Half and Half
Half of yesterday was good. The other half sucked. Externally, most of the big news was good (see below blog entries). Internally, well...
Day before yesterday I got someone (a clutter companion) to help me clean up my filing system. It was completely messed up from 3 moves in two years - 20 years of confusion strewn across multiple filing cabinets and laid out bare. We sorted, we threw things out, we worked for 6 hours together. She kept me going - I would have gone off the rails inside of 40 minutes - and in fact - had - multiple times, these past 10 months. We ended up with 1 1/2 trashcans full of crap, and near my left hand now, is a perfectly sorted, half empty, filing cabinet.. I took a lot of joy that
finally I could find 2002 and 2003 again, and that my business life was separated from my creative one - and all those things, finally, going back to childhood, were all right where they needed to be.

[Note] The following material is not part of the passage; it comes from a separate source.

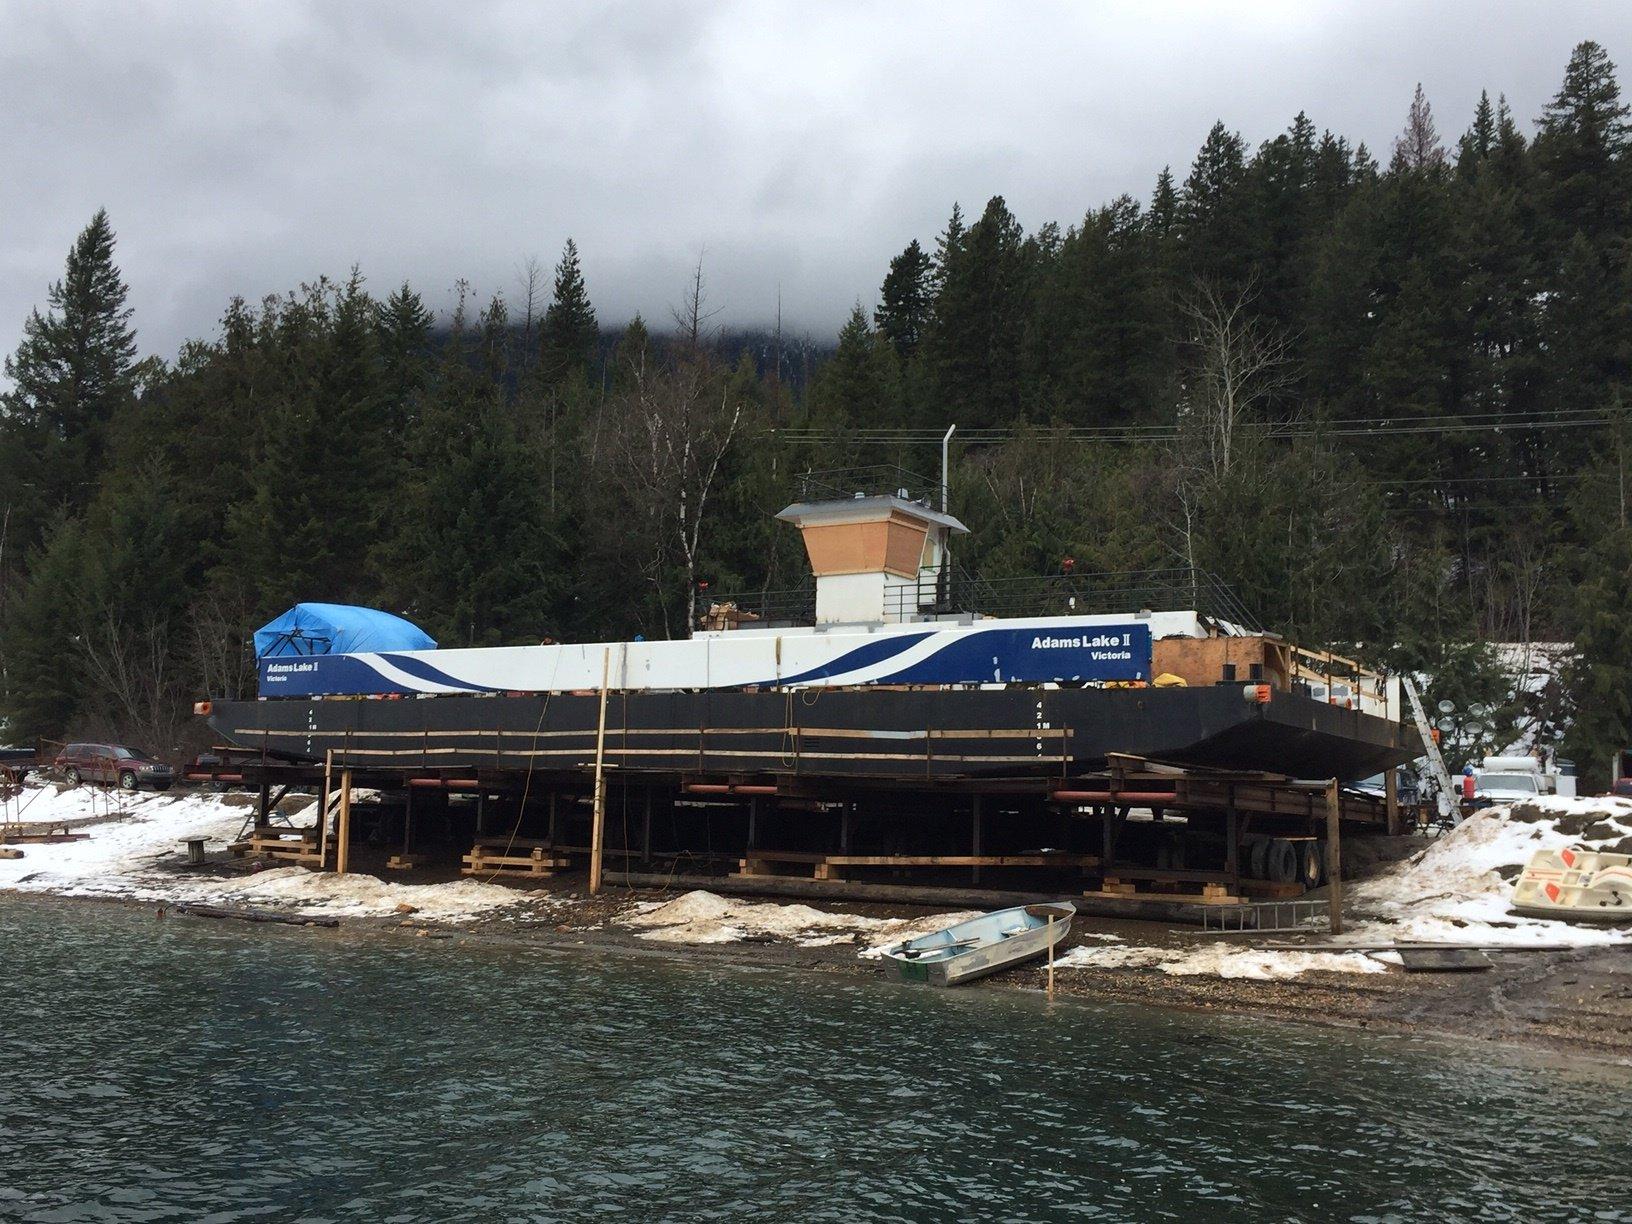 https://0901.nccdn.net/4_2/000/000/020/0be/adams-lake-ferry-ii.jpg

I've discovered that subtracting things from your life takes more energy than adding to it. Sure, when you are done, you feel pretty good, but it doesn't take long for a delayed overwhelm reaction to hit you.

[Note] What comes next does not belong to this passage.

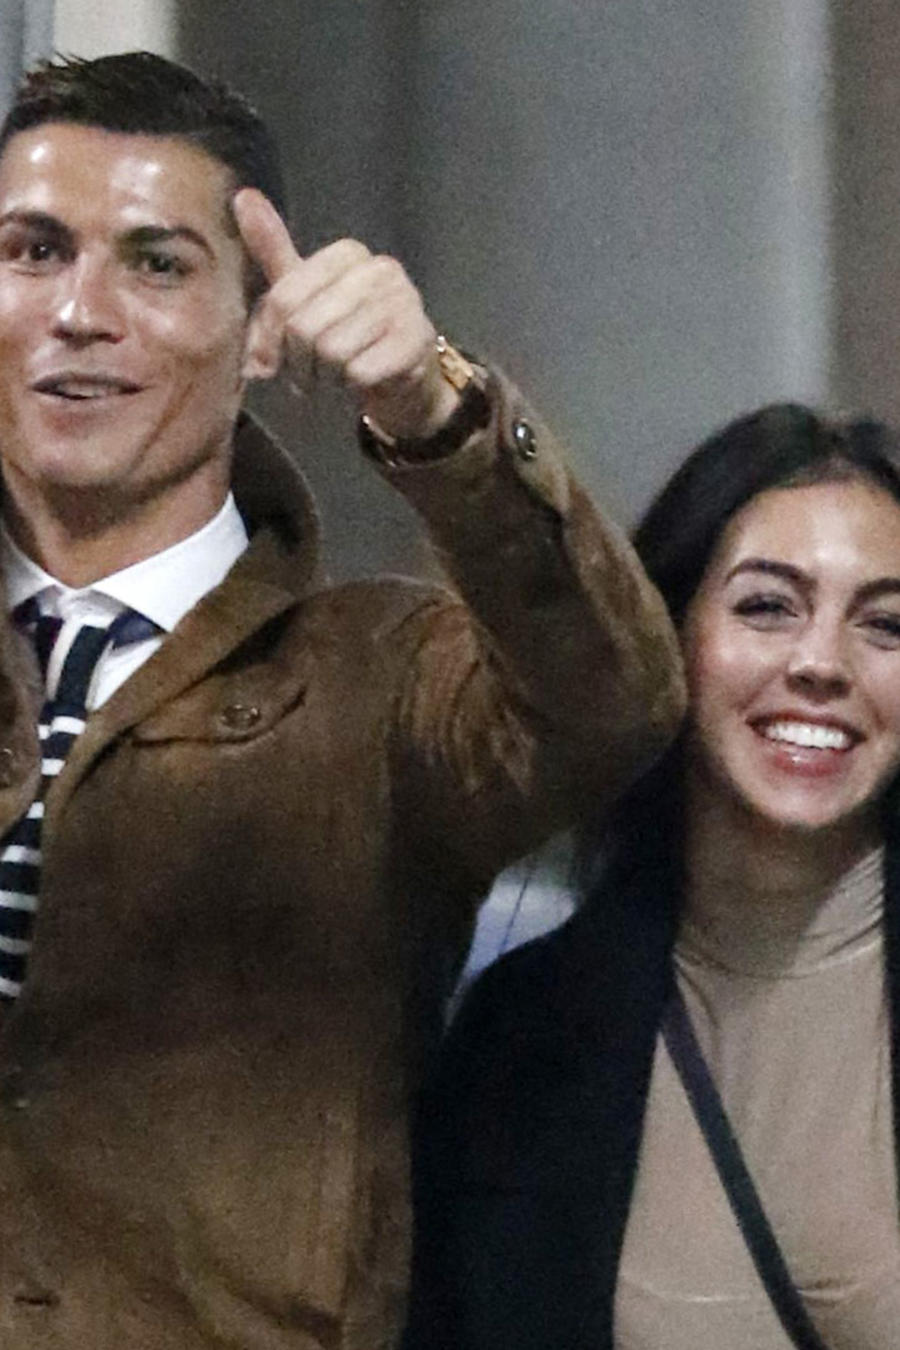 Cristiano Ronaldo sonriendo con Georgina Rodríguez

I went to see the matrix reloaded. I came home at 10 exausted, strangely, and lay on the couch paralyzed, having nightmare after nightmare - every mistake I'd made in 20 years passed before my eyes. I finally got up at 3 AM - and I don't know what sleep really is, or what dreams really are - so was I awake? Was I dreaming? - and finally got a little dreamless sleep on the apnea machine. Did I get 3 hours of sleep that night - or 8 with 5 hours of nightmares?
It took two hours to get out of bed.
I had a bunch of things that I had to do today that I didn't - Instead I got wrapped up in trying to finish a complex piece on "beating the brand", the longest thing I've tried to write since Uncle Bil's Helicopter. I struggled to sort it out. I managed to keep filing things, which was encouraging - but that was it - the piece refused to jell, and I didn't get what I really needed done, done. I completely forgot to exercise, too.
I had to get out of the house.
So I went off to lupin. Ate some fish (my omega-3 consumption has otherwise been down). I played some piano, hung out with a senior citizen who couldn't remember my name but danced to the blues and some Pink Floydish stuff I'd written last week. I talked about my problems with her, reintroducing myself 5 times. It was like talking to Eliza. Then I sat in a hot tub for a while until I felt more balanced.
Then, since I was halfway to the office anyway... I couldn't stand to go home - I've been trying to get to the mental point where I can work again for weeks, without success - I drove to the office. I cleaned up there, too. Nobody had touched the place since I left, except to take my monitors and posturepedic chair. I wiped down the desk. I straightened up. I sorted my drawers. Tons of useless stuff went in the trash. I got caught up on some email. I tried to get off a few mailing lists.
I saw all kinds of problems being taken on by the company, stuff that would have once excited me, stuff that I could solve...
Stuff that wasn't in my job description. And there was nothing within my job description that I felt capable of doing. Thinking about working on code again, on turning one more brick into something that can play doom, on fixing on more bug, on going to one more meeting - causes my brain to shut down. I can't even sit down and write a "hello world" program right now. I'm really interested at a meta level on neurofeedback, and I keep trying to sort of conceive how I would visualize brain patterns in different ways using Linux tools - and it's like that part of my brain is worn smooth. I can't get from step A to step F. On anything.
I wiped off the white board, and wrote, left handed, on it - "Where are the snowdens of yesteryear?"
I sat. For hours. I know I am overly influenced by fiction, but I feel a lot like Yossarian in Catch-22 these days. I don't remember all I thought about - I thought about all these ways to motivate myself to get back on the horse - I thought of my colleagues that were friends, and the colleagues that I'd like to be friends - I thought about colleagues that I wanted nothing to do with - I thought about getting some OJ - and I spent a lot of that time with my brain totally shut down. I just sat there, in my windowless, clean, empty slate of an office, trying to think of something else to write on the white board, something else that would inspire me...
Do I have something left to prove? Do I have something left to give? I still don't have an answer. I'm going to sleep on it.